Una strana vena di follia serpeggia in questa famiglia. Come di un reduce con disturbi comportamentali, un Rambo un po' suonato che, sconsolato e rabbioso, rimpiange il codice d'onore della guerra: "Io copro te e tu copri me". Che pilotava elicotteri e carri armati, era responsabile di attrezzature per milioni di dollari, mentre ora non riesce a trovare lavoro nemmeno come parcheggiatore.
Io ci vedo una certa somiglianza con la mia situazione. Solo qualche mese fa ero art director responsabile della grafica di tre giornali, di manifestazioni ed eventi, progettavo logotipi, e oggi non riesco a trovare uno straccio di lavoro qualunque.
È umiliante, esasperante e mi mette in corpo una rabbia livida.
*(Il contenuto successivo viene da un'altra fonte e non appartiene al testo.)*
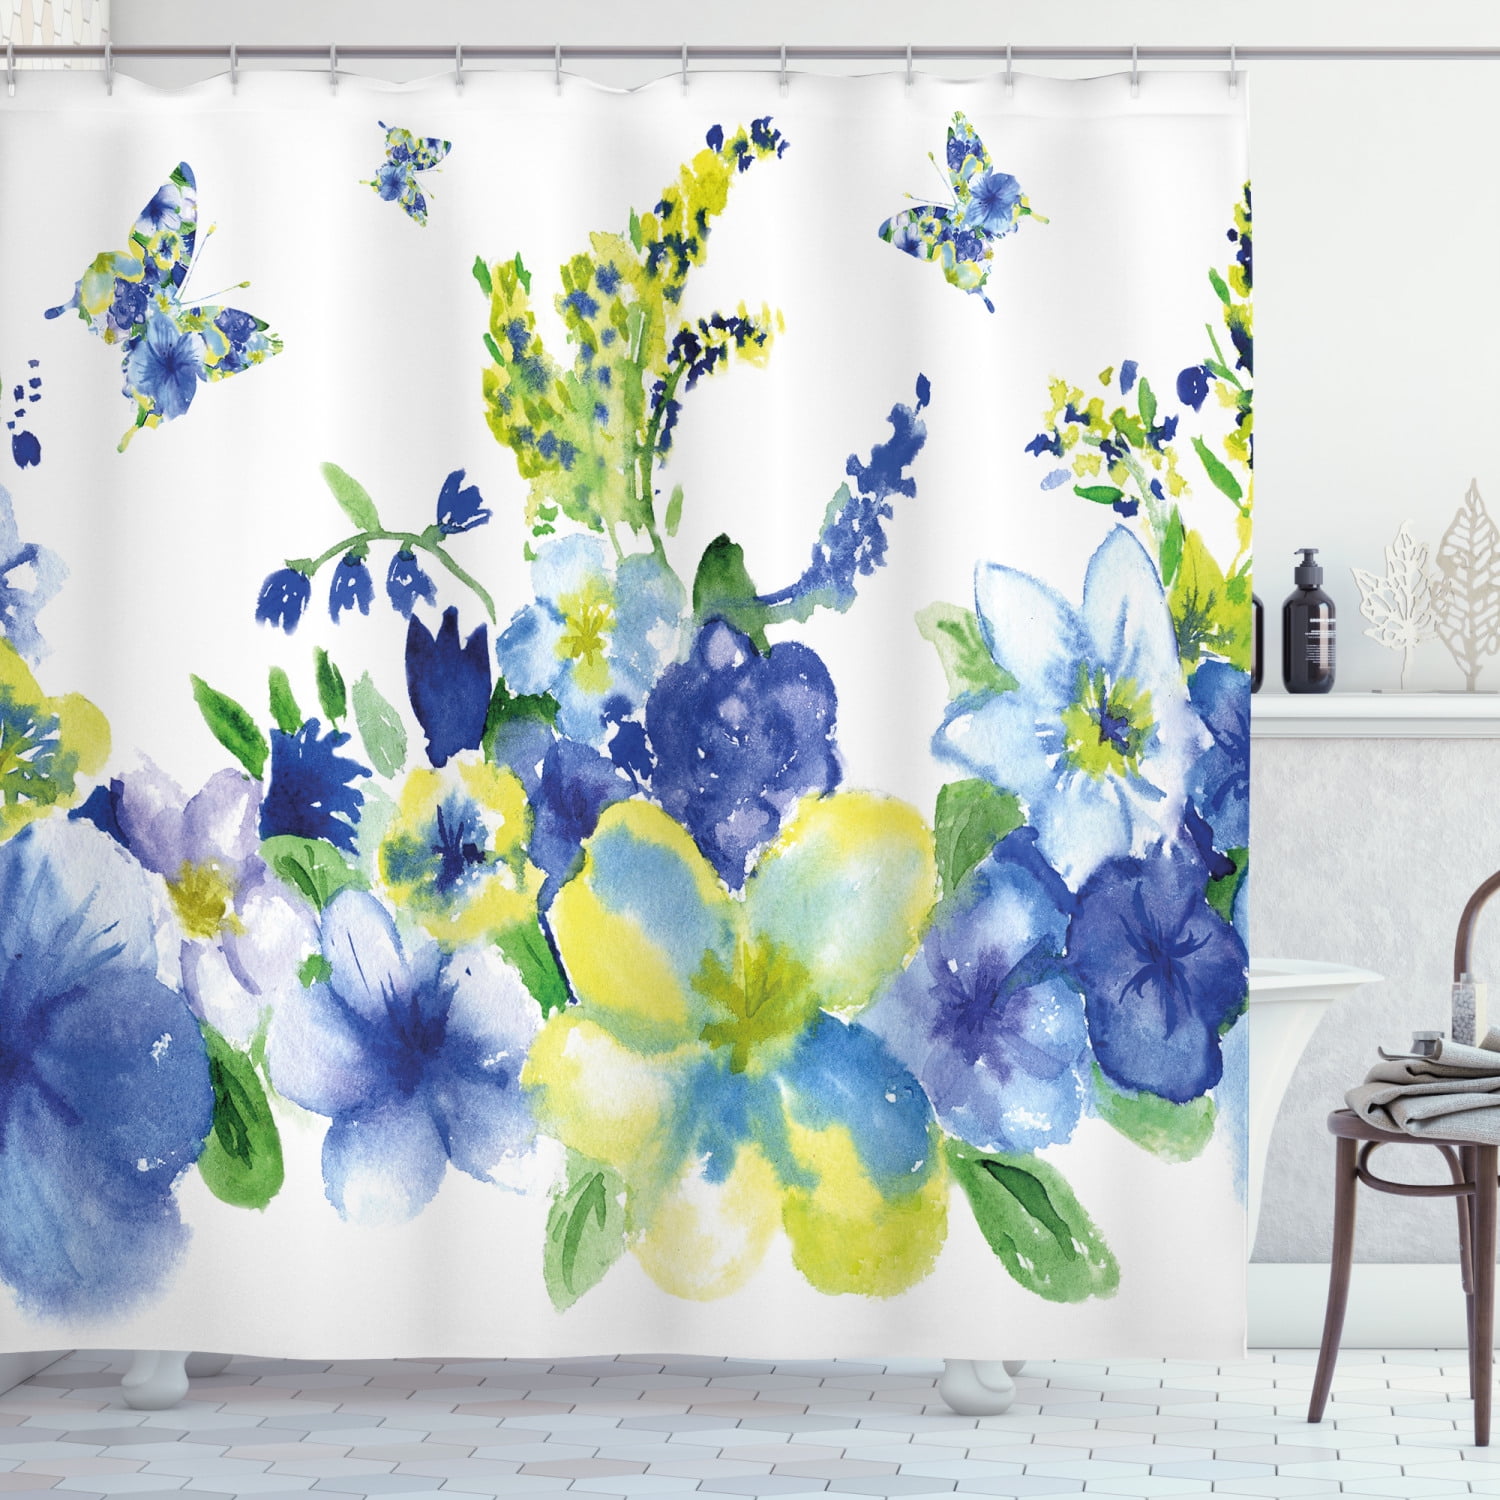 Hooks Water Resistant Duck Print Bathroom Shower Sheer Curtain Panel Decor

Sento che gli amici, i parenti, non capiscono davvero la profondità della mia frustrazione.
Tutto questo mi ha trasformato in un incosciente, euforico, idiota; felice di essersi liberato dallo stress quotidiano delle chiusure, dalle redattrici ottuse e presuntuose e dai padroni (perché di questo si tratta, dei padroni assoluti di dipendenti e collaboratori, feudatari del lavoro, autorizzati dal sistema a fare e disfare, senza conseguenze, senza controllo, oltre le regole della libertà e della convivenza civile).
È anche uno spaesamento, un sentirsi "diversi" e così essere percepiti dall'esterno. Chi ci conosce ci giudica persone strane: informali, anticonformiste, simpatiche e felici. Ma non abbiamo fatto nulla per apparire in questo modo, anzi, sono giudizi che semmai danno pure fastidio. "Che ho io di diverso rispetto al resto del mondo? Perché pensano che la nostra famiglia sia "strana"?". Ho sempre creduto di rientrare nella media delle persone, ma probabilmente così non è. O forse è il nostro essere, malgrado tutto, serenamente felici quello che non convince il resto del mondo?
Ho cominciato un nuovo quadro; questa volta non lascerò che prenda il sopravvento. Sarò io che deciderò come dovrà essere, fino alla fine.